Fitzpatrick was born to Melissa and Minkah Fitzpatrick Sr. in Old Bridge, New Jersey. Growing up, Fitzpatrick faced financial struggles, particularly in 2011 when Hurricane Irene severely damaged his family's home. His father, who had been laid off from his job as a truck mechanic, took on multiple jobs to support the family, while Minkah helped rebuild their home. These early hardships instilled in him a strong sense of discipline, faith, and perseverance. Fitzpatrick, who was raised in a Christian household, has often spoken about the importance of his faith, citing Bible verses such as Micah 7:8, which he has said helped guide him through difficult times. He has remained deeply committed to his family and faith during his career, often crediting them as the foundation of his success both on and off the field.

Fitzpatrick has four siblings: Justice, Promise, Destiny, and Devine. His younger brother, Justice Fitzpatrick, is a high school football player and a top recruit for the class of 2026. In December 2025, Justice signed to play college football at The University of Georgia.

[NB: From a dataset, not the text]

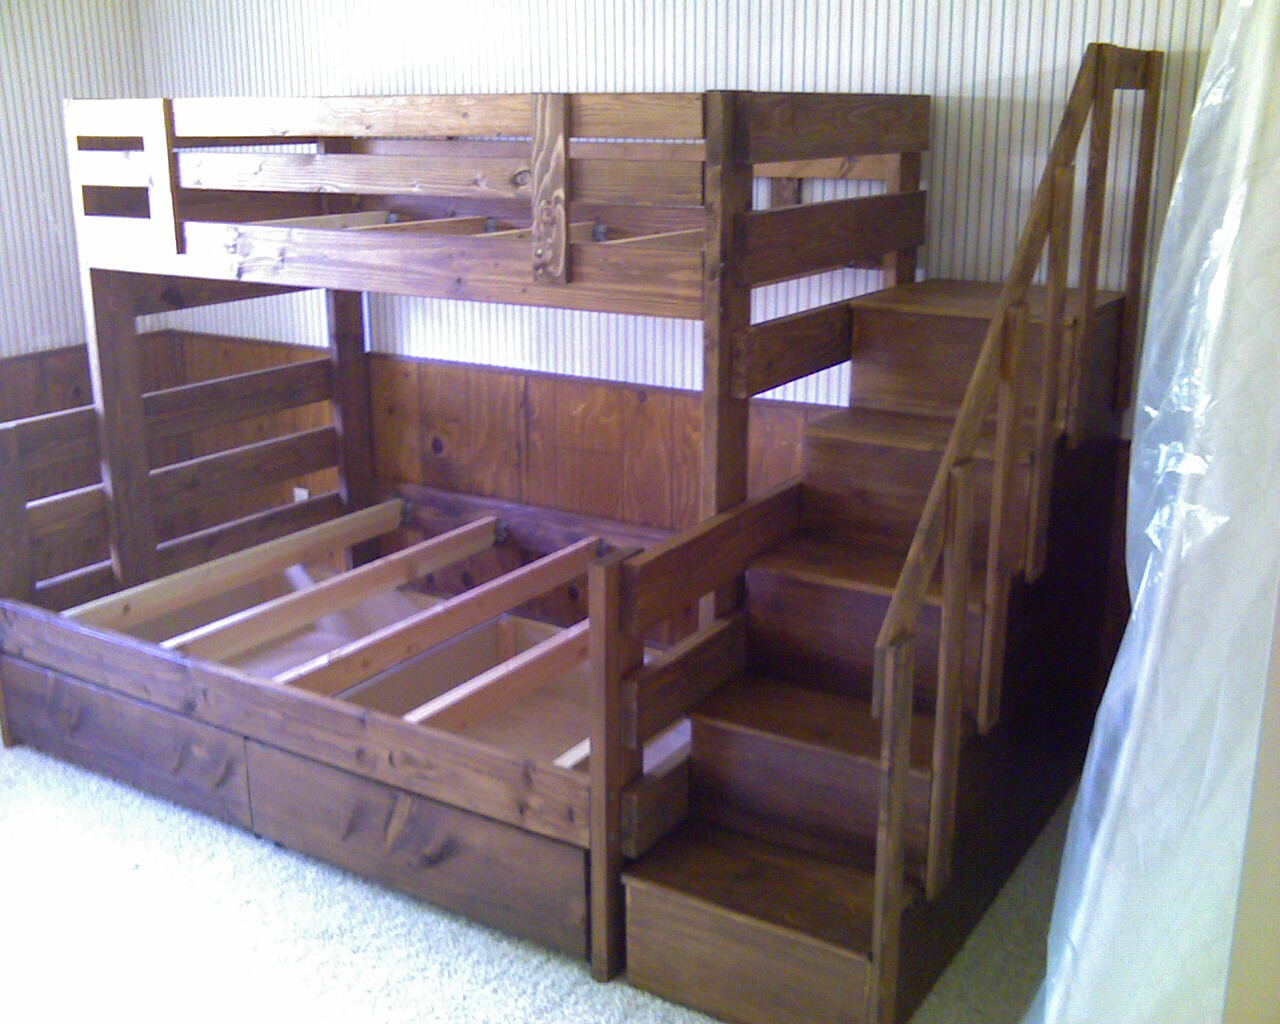 Todd S Custom Bunk Beds The Wood, Custom Made Bunk Beds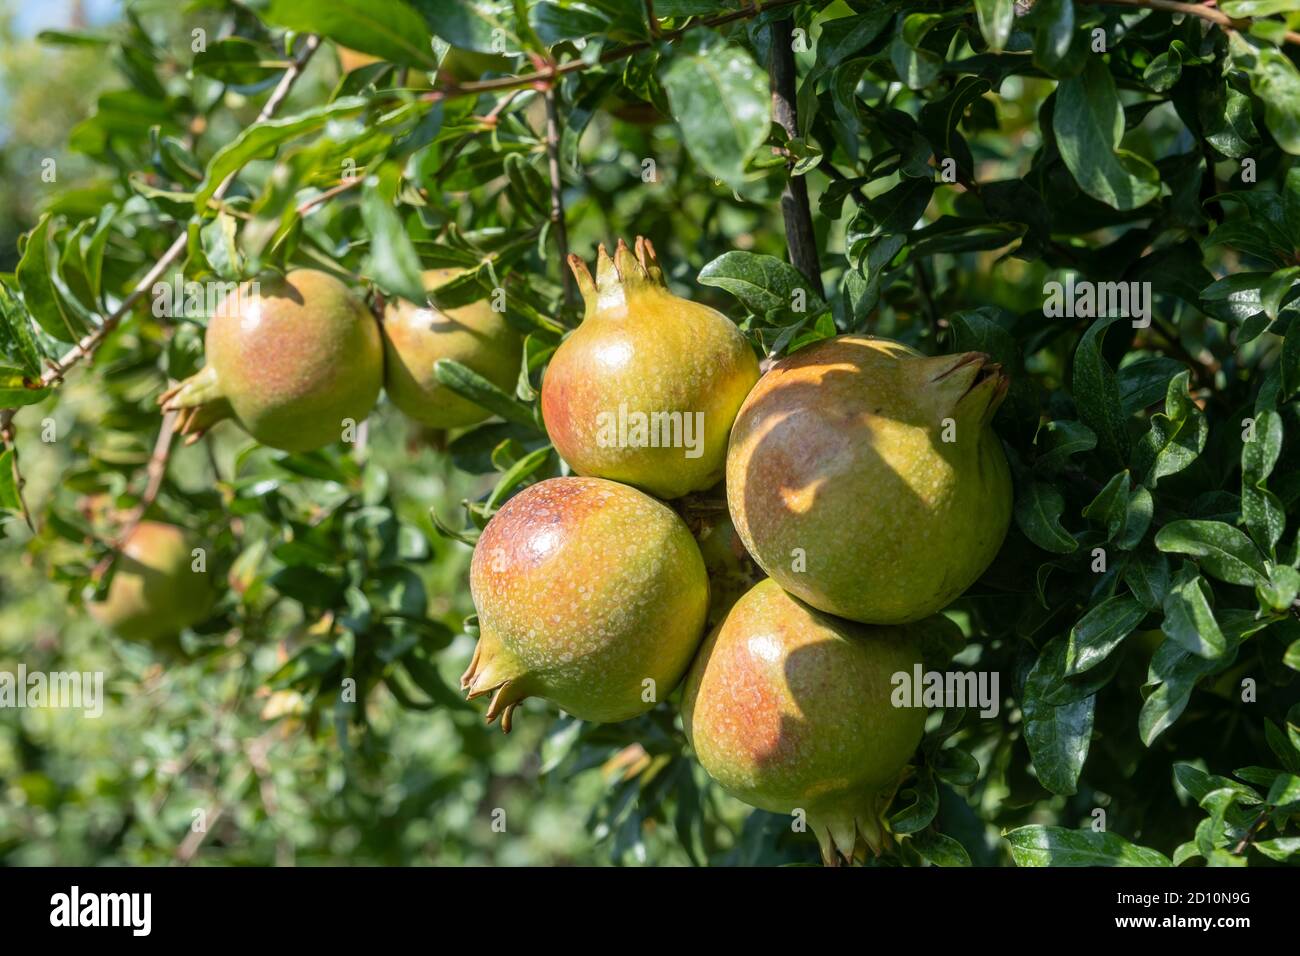 Gesundes Lifestyle-Konzept. Granatäpfel Bäume, frische Bio-Früchte voller Vitamine, Folsäure und antioxidative Eigenschaften. Reiche Ernährung Lebensmittel für V Stockfoto

Fitzpatrick has been in a long-term relationship with Maya Stokes, a fashion model represented by Docherty Talent Agency in Pittsburgh. The couple maintains a private life, with Maya keeping a minimal online presence. On October 7, 2024, Fitzpatrick and Stokes welcomed their first child, a son named Uzai Fitzpatrick, at the Allegheny Health Network's labor and delivery unit at Wexford Hospital. The delivery was overseen by Dr. Ronald Cypher, the Pittsburgh Steelers’ preferred gynecologist. Uzai was born weighing 6 pounds, 8 ounces.